Клюге задумчиво побарабанил пальцами по крышке стола, наблюдая за оператором, менявшим кассеты на аппарате, — техника еще несовершенна, но она во многом помогает в работе, однако как и прежде приходится больше полагаться на людей. Люди, люди, с той и с этой стороны, со своими заботами и судьбами, планами и мечтами, всем им чего-то надо, куда-то они стремятся, чего-то хотят, и столько приходится тратить сил, пока загонишь их в заранее предназначенную западню. Утомляет! Но уж коль загнали, то не вырвутся!
— Ничего, — он потер лицо ладонями, — технику страхуют… Устал я, Эрнест, плохо сплю, да еще стоит дурацкая погода: слишком рано начинается весна, слякоть, ветер, сырость… Как ты тут выдерживаешь, в этом подвале? Не схватил ревматизм?
— Я выхожу подышать, — ухмыльнулся Канихен, — да и потом, скоро конец.
— Э-э, — отмахнулся Клюге, — когда кончится одно, обязательно начнется что-нибудь другое. Я сейчас поднимусь в кабинет начальника тюрьмы и прикажу привести туда Барсука. Если выяснится, что дело действительно идет к концу, то распорядись освободить второй коридор.
— Да, я позвоню, — кивнул на внутренний телефон Эрнест. — Хорошо бы закончить с этим поскорее. Надоело. Как только ребята здесь сидят месяцами?
Он небрежно похлопал по плечу оператора, ответившего ему бледной улыбкой, — поглощенный прослушиванием и записью, не снимавший наушников, он не слышал, о чем говорят.
— Там чисто? — показал пальцем на потолок Клюге.
— Проверено, — заверил Канихен. — Батареи парового отопления давно срезаны, печи в камере разобрали еще поляки, а парашу просто выставляют за дверь. Противно, но ребятам каждый раз приходится ее всю проверять, чтобы не спрятали записок. Вот уж у кого дерьмовая работа!
— Итак, кругом дерьмо, — скривил губы Клюге. — Хорошо, по трубам они не могут перестукиваться, а стены?
— Стены, — фыркнул Эрнест. — Наверху крыша, под ними следственный кабинет.

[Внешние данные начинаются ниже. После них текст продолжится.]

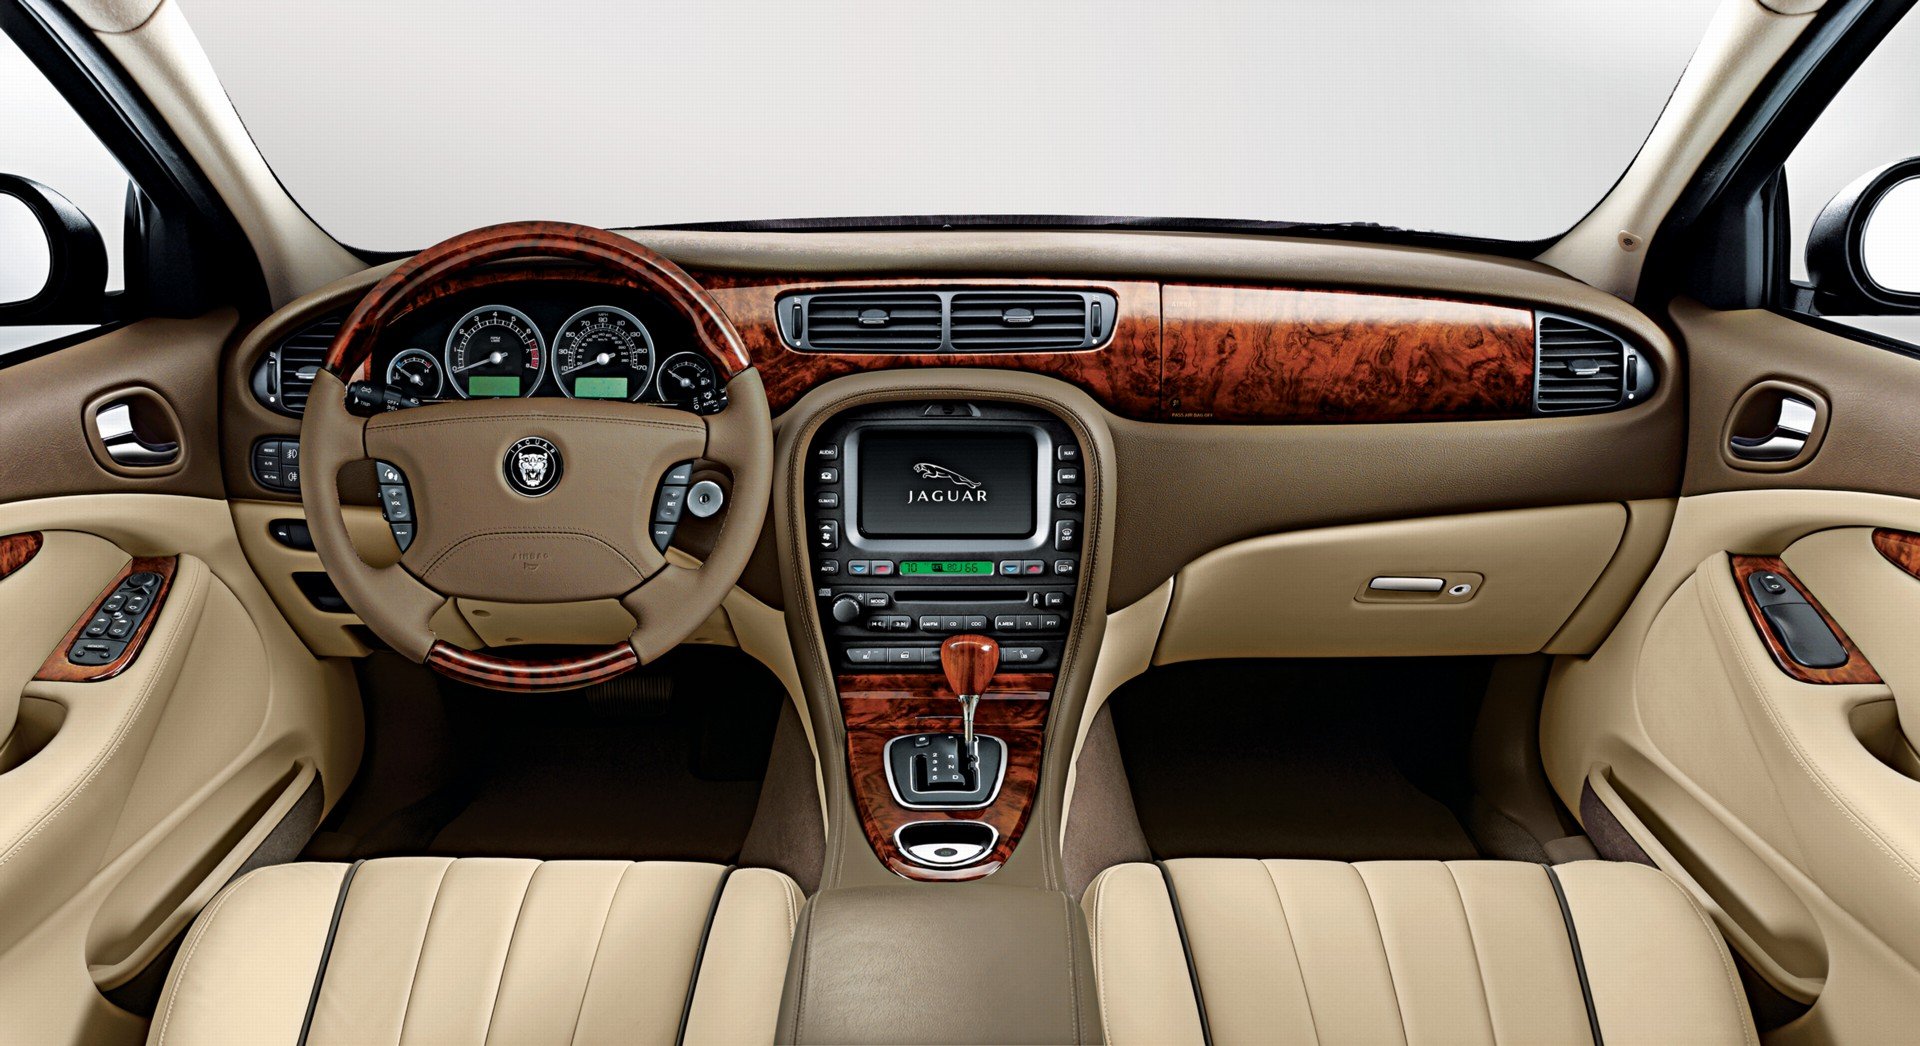 Jaguar S-Type interior - Cockpit

С одной стороны камеры лестничный марш, а с другой — склад тюремного имущества. Кроме того, из их отсека вывели всех заключенных и за каждым, отправляемым на допрос из камеры, внимательно следят, чтобы не попытался что-либо сказать, крикнуть или бросить записку. Можешь не волноваться, я уже подробно докладывал обо всем обер-фюреру.